Sunday, November 29, 2009

Thursday the 19th was our last day in Hawaii. Sadness! But the day was not a complete bummer because we saved something really cool to do for our last hurrah: the coffee farm tour. Woohoo! Being coffee freaks this was definitely a highlight for us.

Our resort was right in Kona, and Kona is to coffee what Napa Valley is to wine. There was something like 600 coffee farms on this main drag right near our hotel, and most of them welcome you right in to taste their goods. It's awesome-- you just walk in and the coffee is right there waiting for you. Just grab a cup and help yourself. And they often ply you with treats like freshed baked Oatmeal Cherry Coffee Cookies and Chocolate Covered Coffee Beans-- bonus!
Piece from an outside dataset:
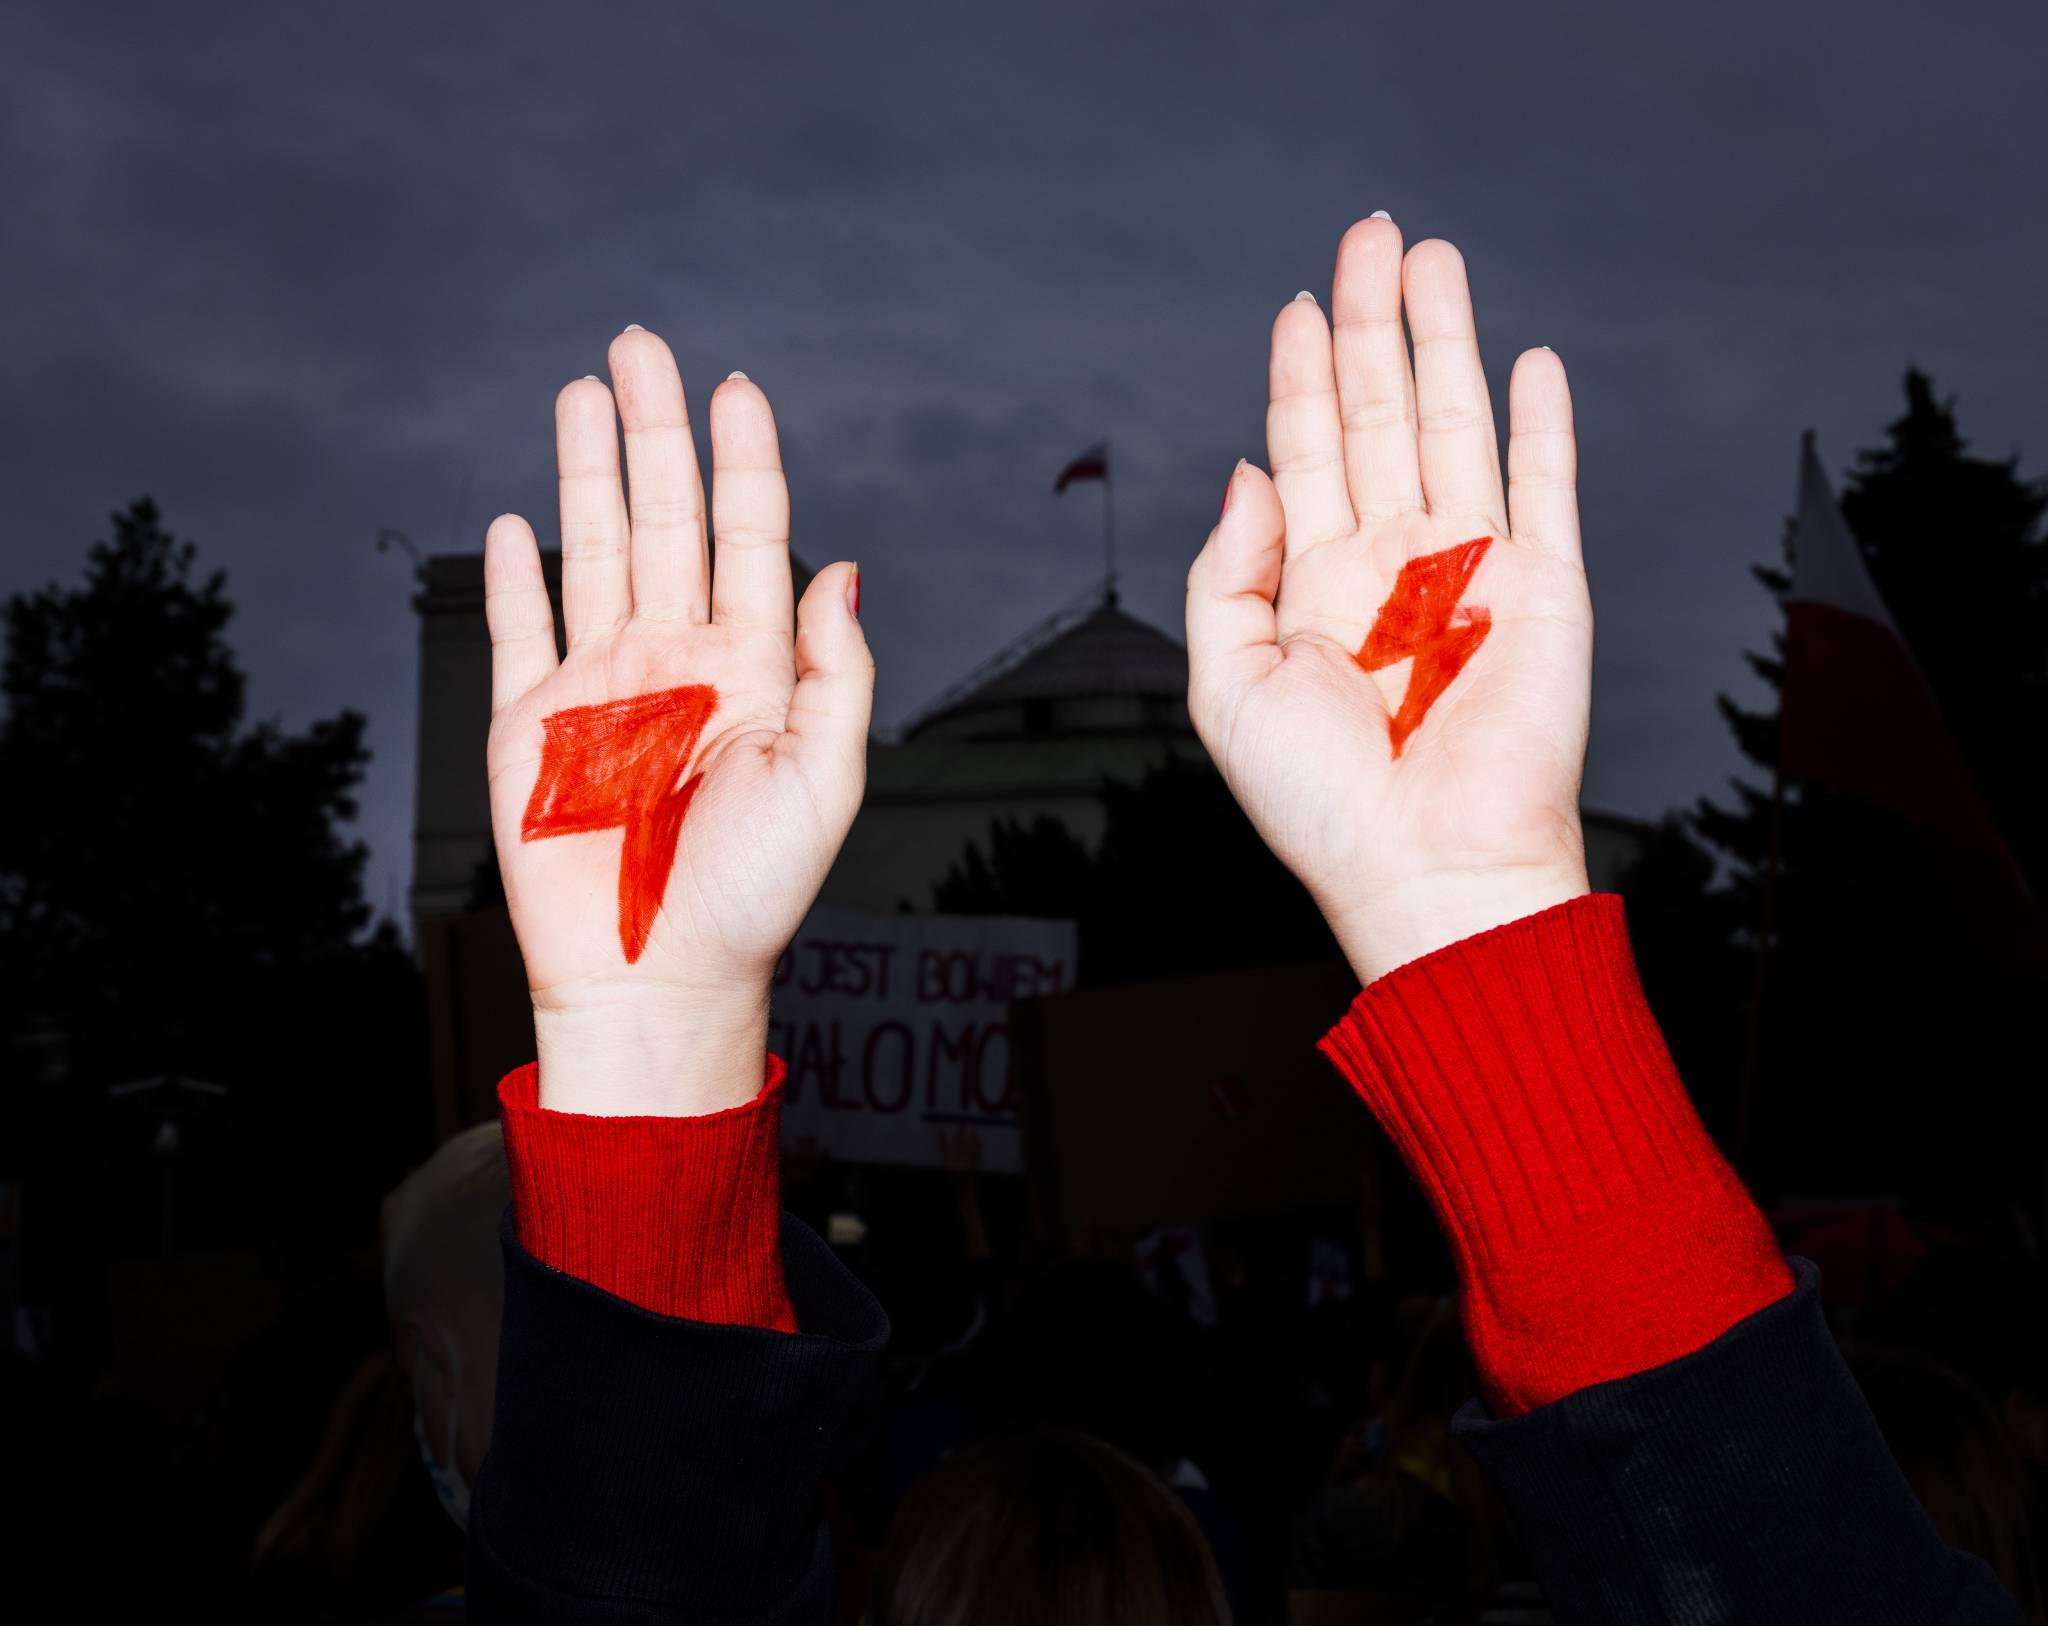 Decyzja Trybunału wywołała w Polakach gniew - cytaty z wypowiedzi autorytetów

We really only had time to go to three farms, but we easily could have kept going (file that under Reason Number 8392355632115 why we'll be returning to Hawaii!).

The first stop was Hula Daddy (gotta love that name) where we spent the highest sum we've ever paid for a single pound of coffee (60 bones!!). But that particular award-winning coffee was a gift for a highly deserving couple who happen to be even bigger coffee freaks than we are, so it was money well spent.
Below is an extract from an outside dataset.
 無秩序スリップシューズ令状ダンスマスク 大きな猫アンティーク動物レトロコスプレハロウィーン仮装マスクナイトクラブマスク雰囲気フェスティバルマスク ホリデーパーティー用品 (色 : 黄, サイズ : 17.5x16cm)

Next stop was Kona Blue Sky Coffee. This place was phenomenal and now that we are back home in New York I know that we will be placing mail orders for more coffee frequently. Amazing coffee aside, this was our favorite stop on the tour for purely educational reasons. We learned a lot from our sweet Nebraskan tour guide--I can't remember her name, but she was the cutest thing ever. She met her boyfriend at school in her home state and followed him home to his home state. Very sweet. But I digress.

So here's a little pop quiz for you based on the cool things we learned on our tour of Kona BLue Sky:

Which tastes stronger: medium roast or dark roast?
The dark roast.
Duh! That was a gimme. Try this one:

Which has more caffeine: medium roast or dark roast?
The medium roast!
Shocker, right?

We also learned that peaberry is not a type of coffee unto itself. Apparently, peaberries are mutants (and I mean that in a good way!)that occur in about 5% of the cherries on a coffee tree. The cherries contain the coffee beans, which 95% look like what you think of when you envision a coffee bean-- you know, the thing that looks like it's sort of split down the middle in two neat halves? Well sometimes the cherry produces a bean that looks like it's missing its other half. The peaberry is that small, flat half-size bean. Why is this important? Well, it's not important really. But it does taste good! Coffee made from just the peaberries has a distinctive, robust flavor that is very nice. Try it! You like. I promise.